Given data
-*-
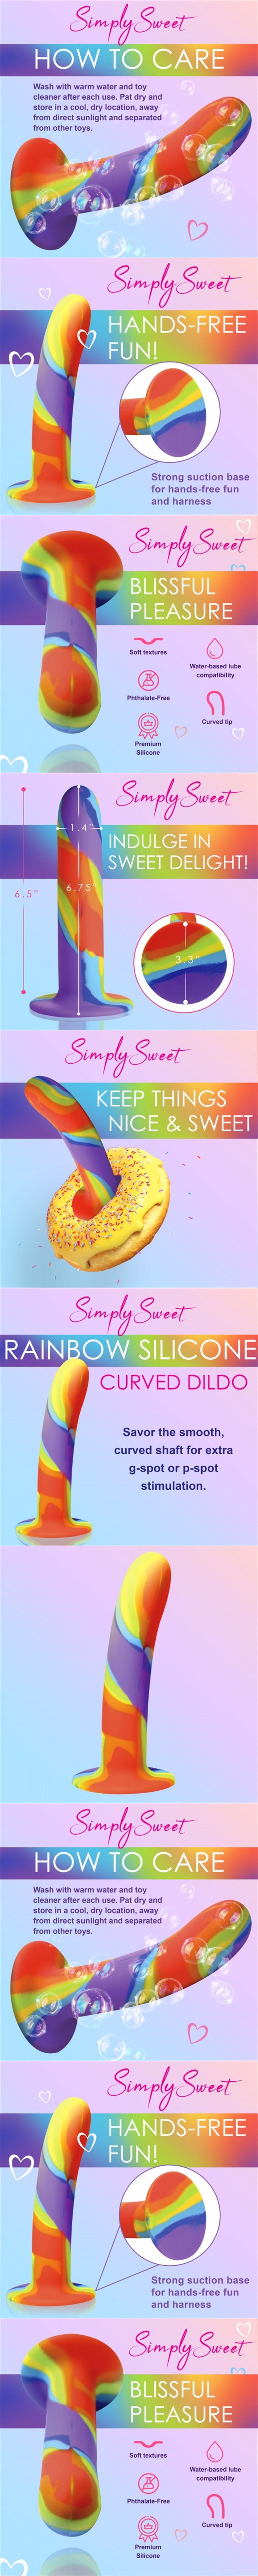 Simply Sweet Rainbow Silicone 6.75 Inch Dildo With Suction Cup
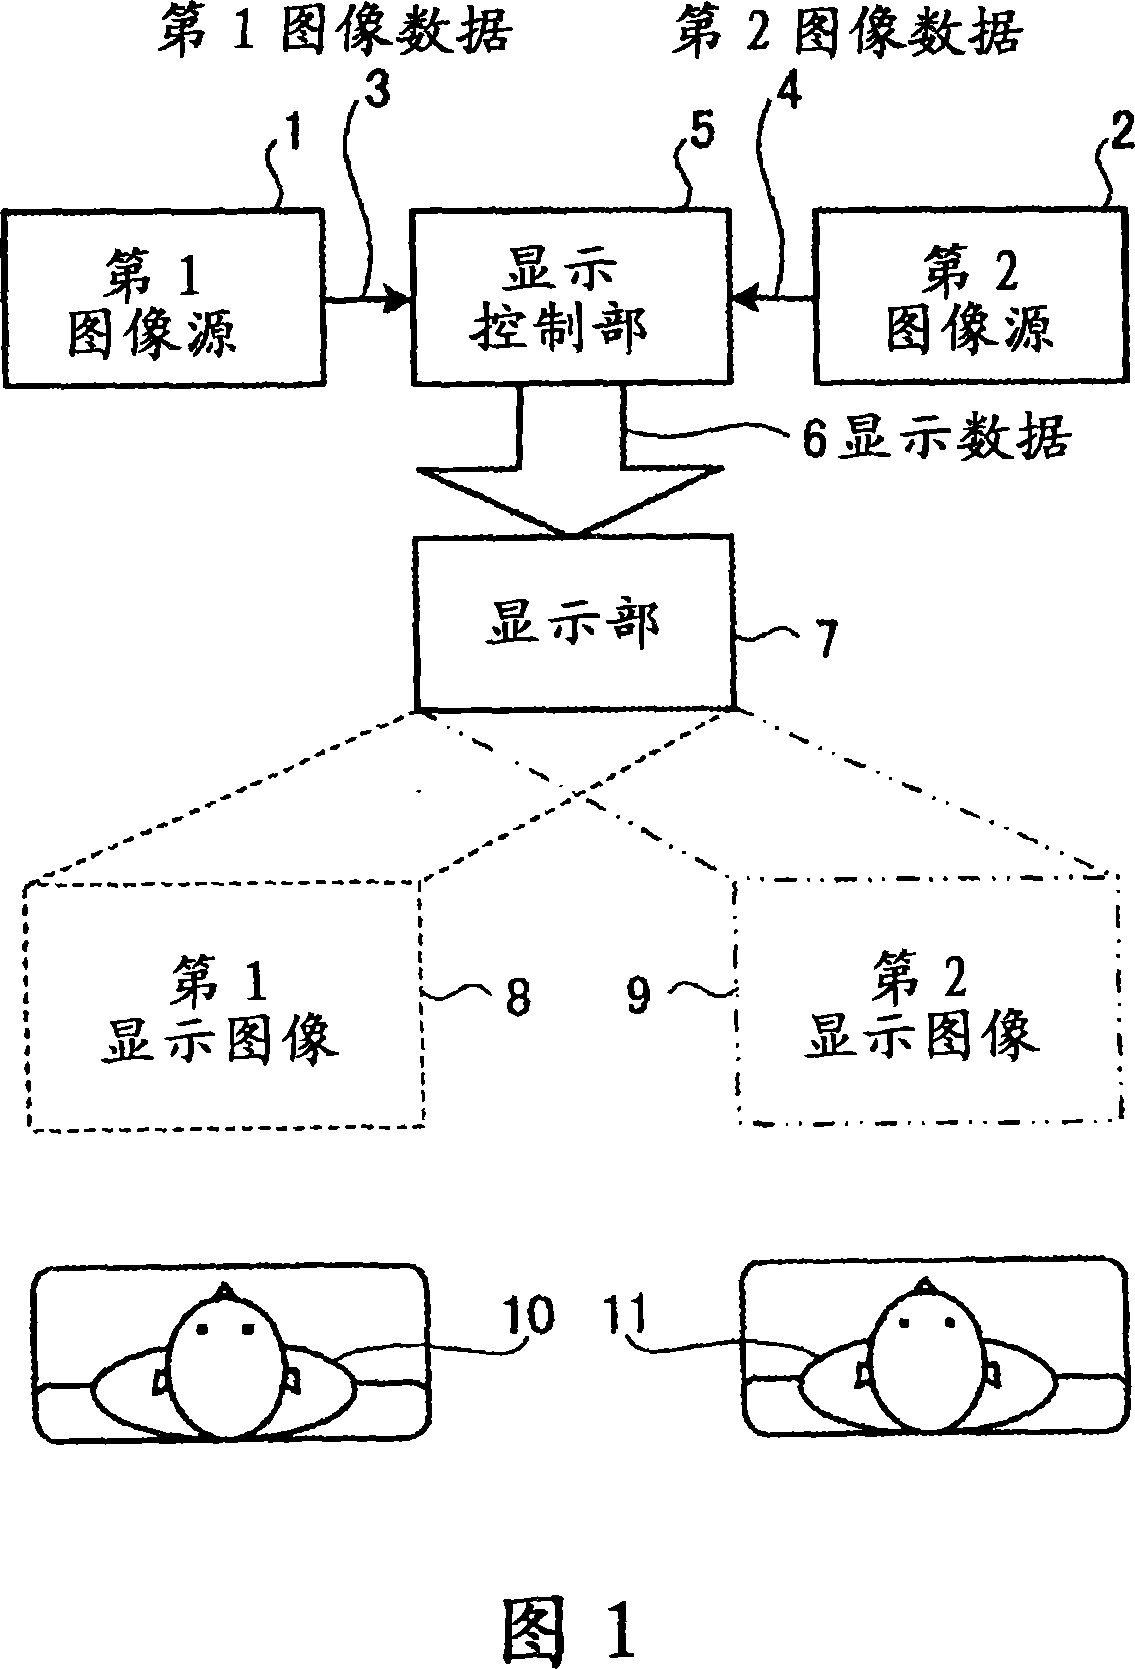 Display controller and display device
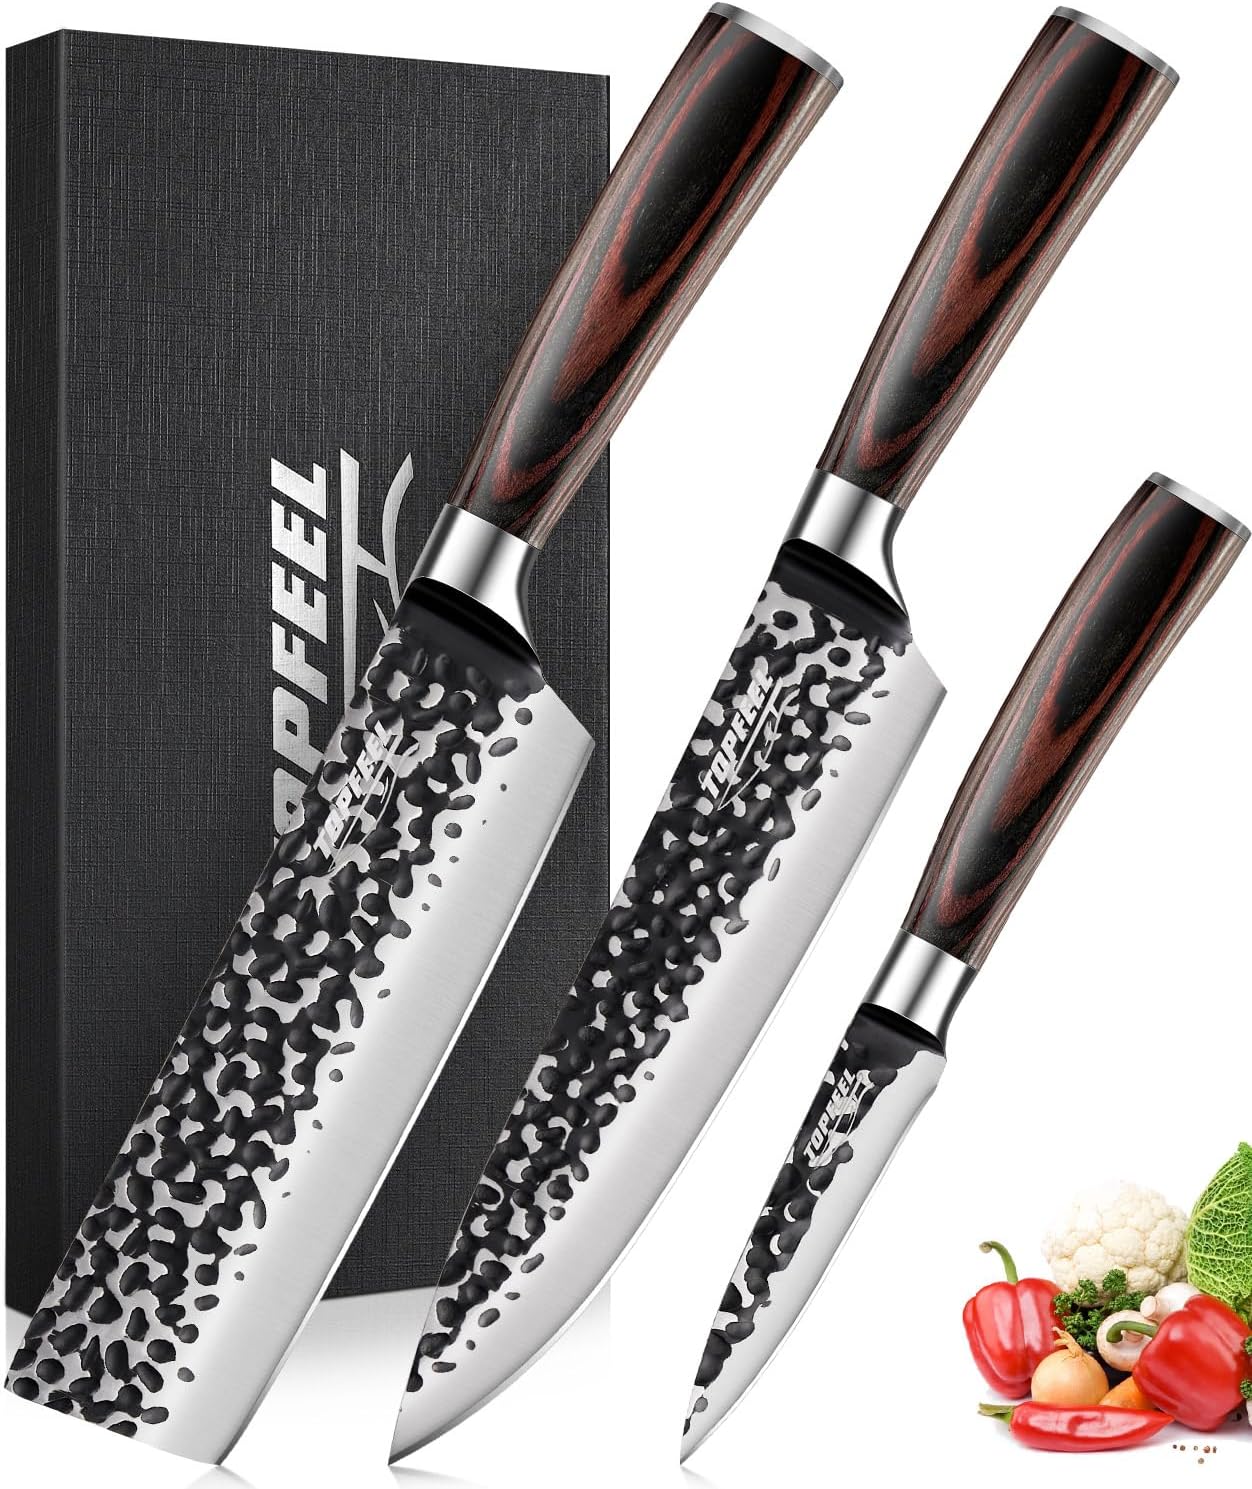 Topfeel 3PCS Professional Kitchen Knife Set Forged Hammered Japanese Chef Knife Sharp German High Carbon Stainless Steel 8 inch Chef' Knife 7 inch Nakiri Knife 5 inch Utility Knife
-*-
What you have to do
Would you retype every line shown above exactly, leaving the pictures aside?

Your response
 Simply Sweet Rainbow Silicone 6.75 Inch Dildo With Suction Cup
 Display controller and display device
 Topfeel 3PCS Professional Kitchen Knife Set Forged Hammered Japanese Chef Knife Sharp German High Carbon Stainless Steel 8 inch Chef' Knife 7 inch Nakiri Knife 5 inch Utility Knife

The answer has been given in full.